Tryptophan (Trp) is the most common natural amino acid fluorophore in biophysics to monitor changes in protein conformations upon substrate binding and/or protein-protein interaction. This is because of the long absorption wavelength and high emission yield for the indole moiety. However, proteins usually contain more than one Trp residue, making it difficult (if not impossible) to assign the changes in fluorescence signal to a particular site definitively. This makes interpreting the spectral changes that result from specific protein interactions complicated and difficult. Nonetheless, the Trp analogue 7-azatryptophan ((7-aza)Trp), Scheme 1(a)) has been used as an alternative of Trp to probe protein structure and dynamics [1], [2], [3]. (7-aza)Trp exhibits an even longer absorption spectral onset compared to Trp and polarity-sensitive emission properties that can probe the surrounding environment [4], [5]. Recently, we reported a new Trp analogue, (2,7-aza)Trp [1]; the emission property of which is not sensitive to the environment polarity. Instead, (2,7-aza)Trp exists predominantly as the N(1)-H isomer with a minor N(2)-H isomer in neutral aqueous solution. The N(1)-H undergoes a water-catalyzed N(1)-H→N(7)-H proton transfer in the excited state, resulting in the N(7)-H tautomer with green emission (Scheme 1(b)). Both the N(1)-H (350 nm) and the N(7)-H tautomer (500 nm) emissions are observed in water rich environments. In contrast, only the N(1)-H emission at 350 nm is observed under water scant conditions. The ratiometric emission and the associated relaxation dynamics may also provide certain clues for specific water-Trp interactions in proteins.

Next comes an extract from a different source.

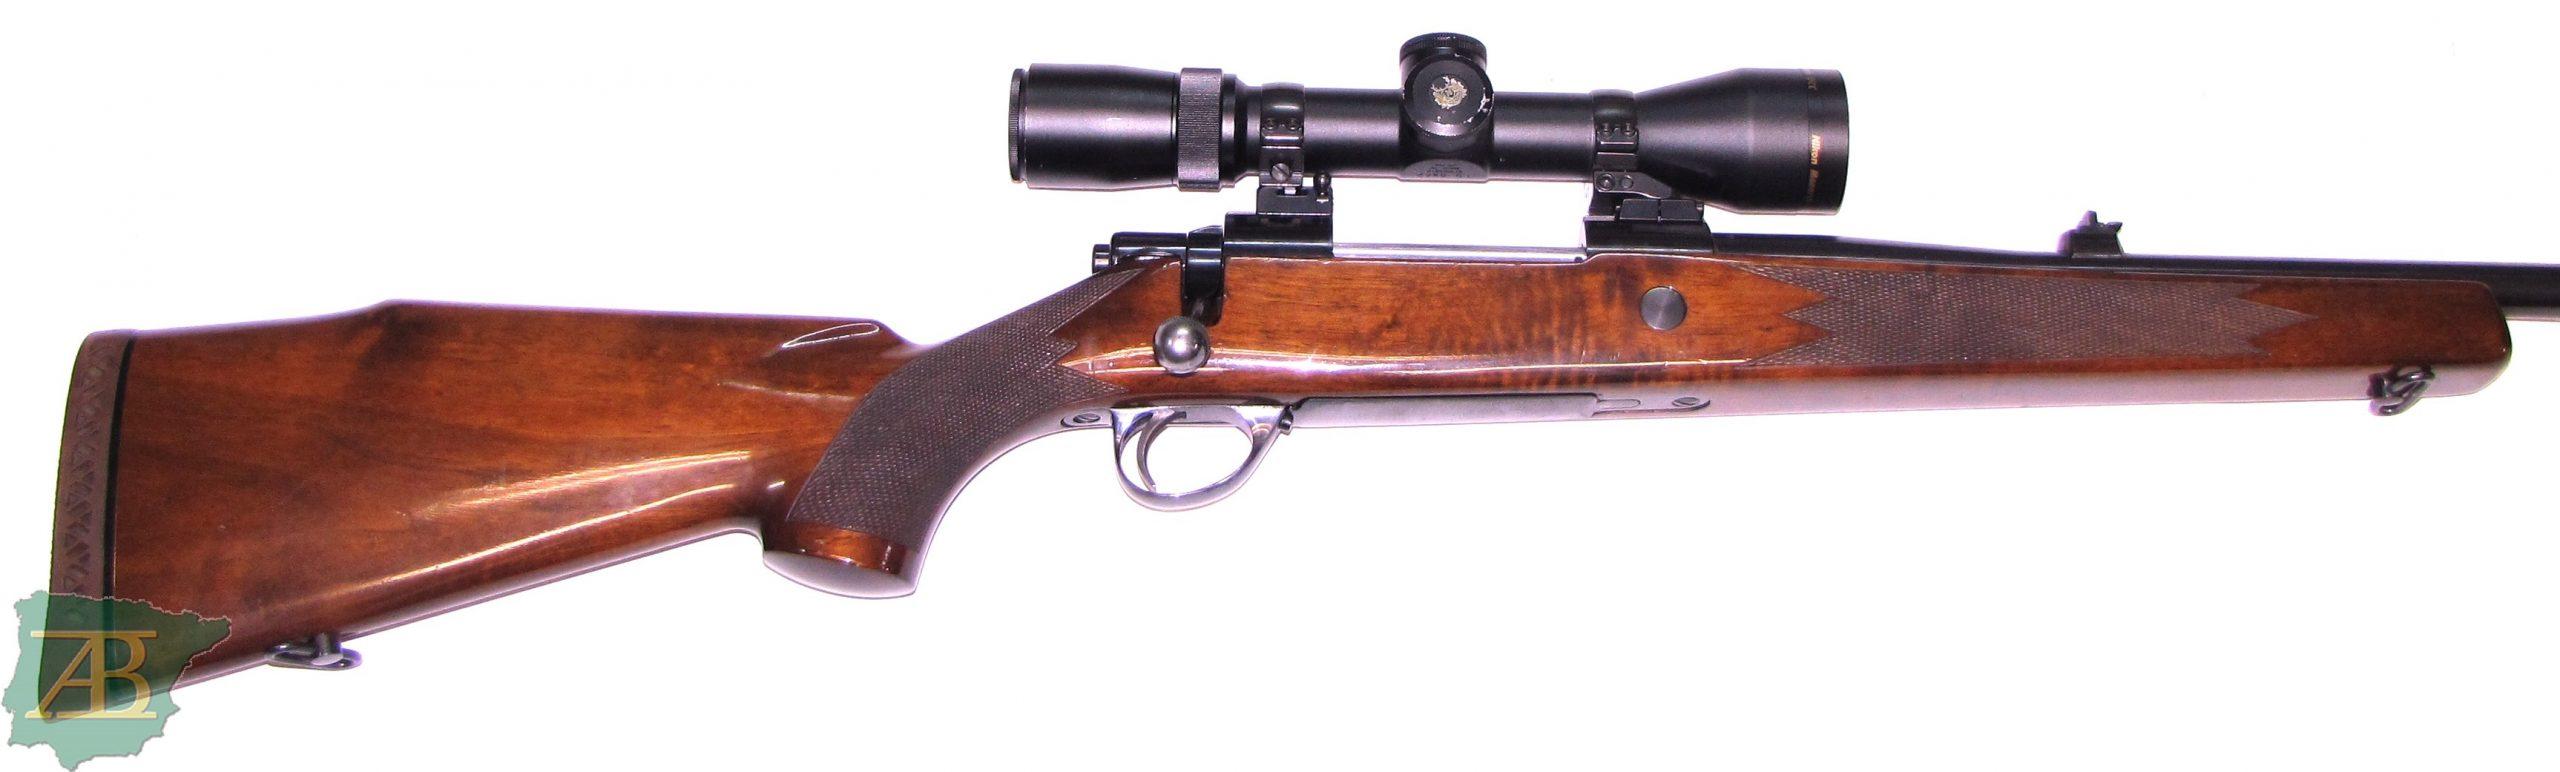 Rifle de cerrojo de caza SAKO L61R Ref 5171-armeriaiberica-2

The N(2)-H isomer only exists in bulk water and generally disappears in protein environments with microsolvated water molecules, unless in the presence of specific N(2)-H…acceptor H-bonds [2]. (2,7-aza)Trp would thus be ideal for probing the water microsolvation surrounding Trp in proteins.

Scheme 1

(a) The chemical structures of Trp, (7-aza)Trp and (2,7-aza)Trp. (b) The ground-state equilibrium between N(1)-H and N(2)-H for (2,7-aza)Trp in neutral water and the water-catalyzed N(1)-H → N(7)-H proton transfer in the excited state for (2,7-aza)Trp. (c) Qualitative diagram of CaM and Baa binding process in water. Note the CaM structure was isolated from free CaM (PDB ID: 3CLN) and CaM bound Baa (PDB ID: 2BE6, in which CaV1.2 IQ domain of 2BE6 is replaced by Baa.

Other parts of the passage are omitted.